The rest of the weekend followed the same vein. Starting the day with breakfasts of fruit pancakes or omelettes and Lombok coffee, we snorkelled during the day and saw some of the best reef either of us have ever seen right outside our bungalows. We sat in the sun drinking fresh fruit juice and listening to our books on tape, relaxing and catching up on our vitamin D intake, retiring to the tropical cabanas when the heat was too much.

On our last day we all opted to go on a snorkelling tour, which was lovely. We saw sea turtles, lion fish, angel fish, HUGE vibrant coloured clams and fields of beautifully coloured coral. Some of it looked exactly like decorations on a playground it was so pretty! The weather was rainy (it is currently rainy season in Indonesia) so the trip was cut short and we were unable to see the ‘wall of turtles’ of Gili Meno, but just for the opportunity to see some different reefs it was well worth the 80.000RP (approx. $8 CAD) we each spent on the tour.
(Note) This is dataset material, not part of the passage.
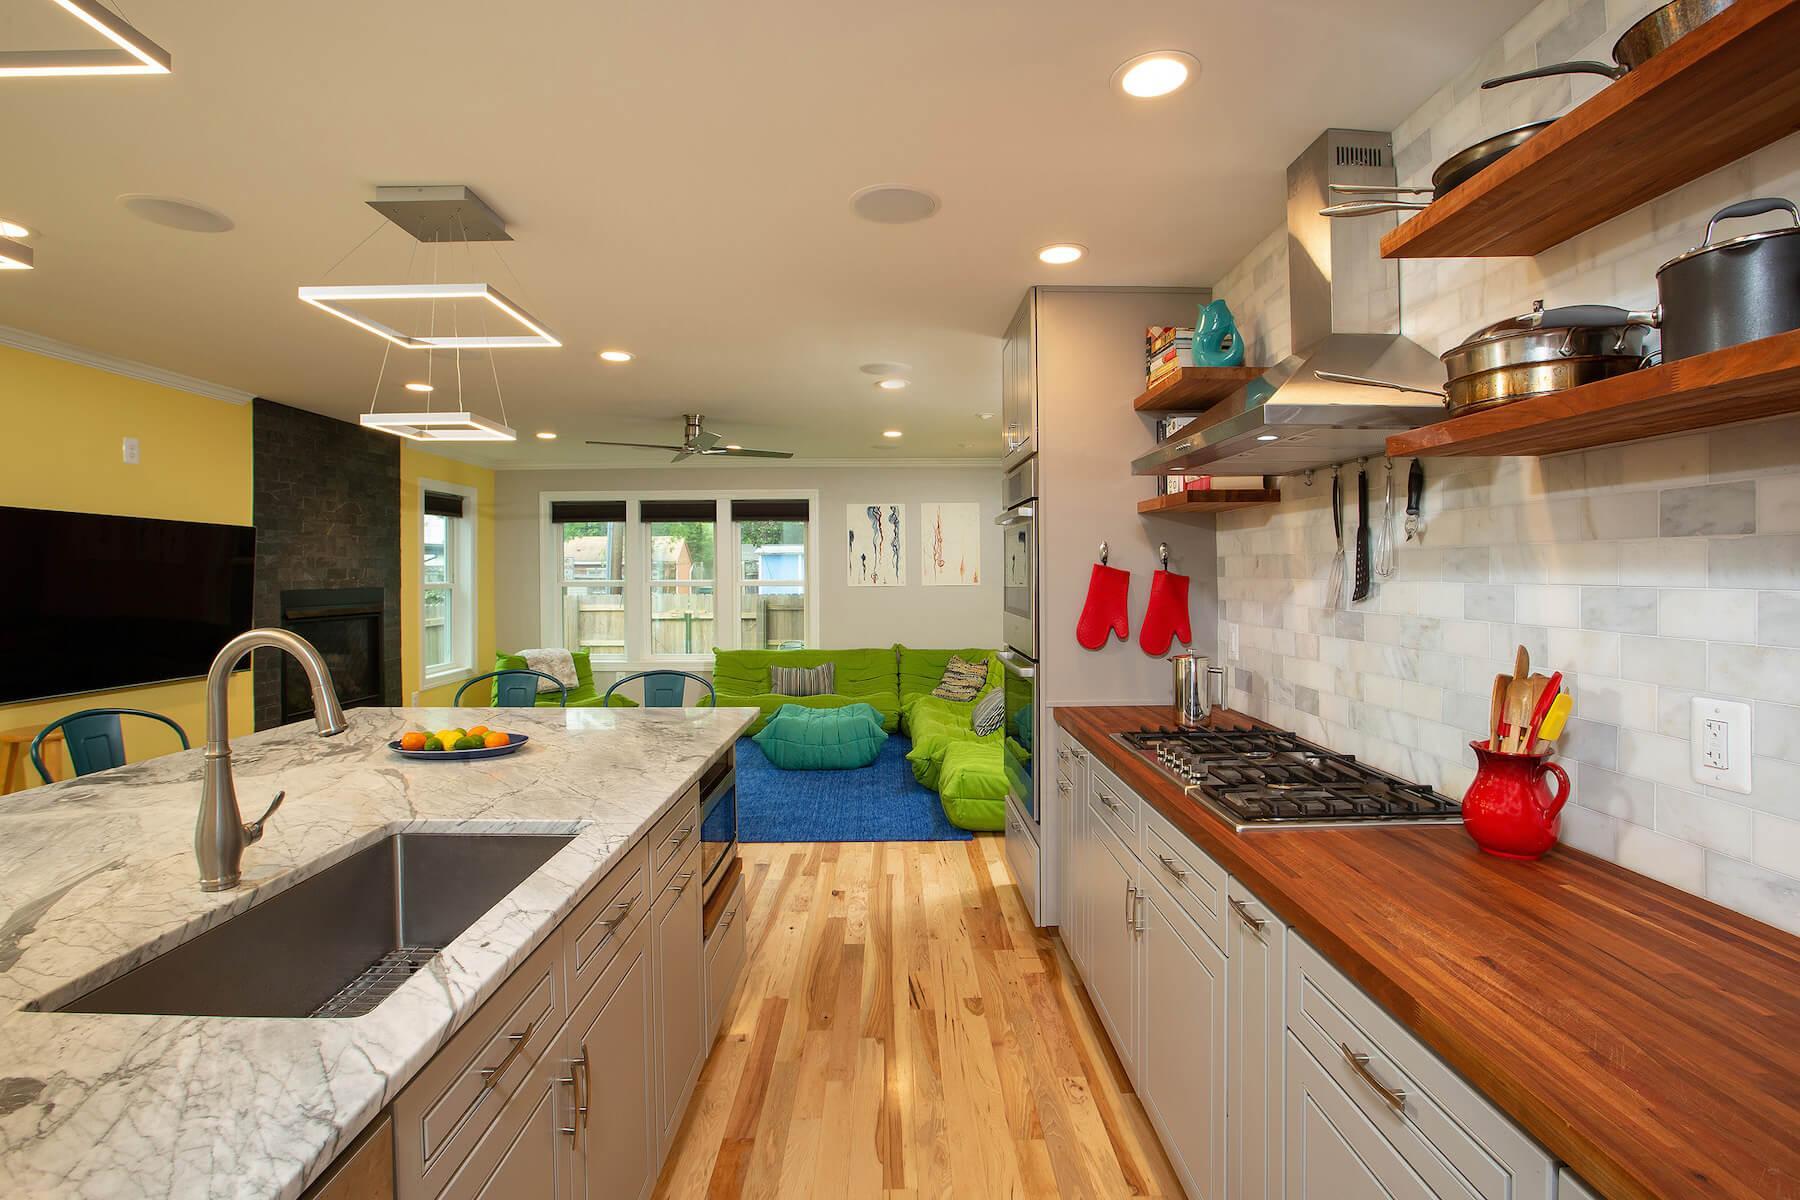 kitchen.livingroom_5-17-19_223

We ended our trip as we had started, with some pina coladas on the beach and went our separate ways in the morning.

Jon and I arrived in Senggigi, Lombok this morning at around 10:30am and ran around town looking for accommodation. We ended up taking the advice of a local who seemed nice and took at room at Hotel Ray, even though it was not recommended in the lonely planet. It had the benefit of being right across the street from the beach, but is a bit of a dive and probably not even close to worth the 100 000Rp we are spending for the night. It has the added charm of thin walls and a birthday party going on in the hotel next door, where the patrons have been singing Happy Birthday on karaoke for the past hour or so. Tonight will be our only night here, however, as we have booked a car for tomorrow for a few days so we can see the rest of the island at our own pace. Hopefully all goes well and driving on the left (wrong) side of the road comes easily after being surrounded by it for the past four and a half months. Then we have tickets booked on a live aboard boat to Komodo Island and back which will take five days. Then we will probably spend a few more days on the Gilis, and will start heading to Jakarta for our flight to Phuket on December 20.

This was a long one, so I won’t bore you any longer. We miss everyone back home and have been thinking of you a ton, especially as Christmas draws closer, and will try our best to keep up with blog posts as we make our way through this land of spotty internet access.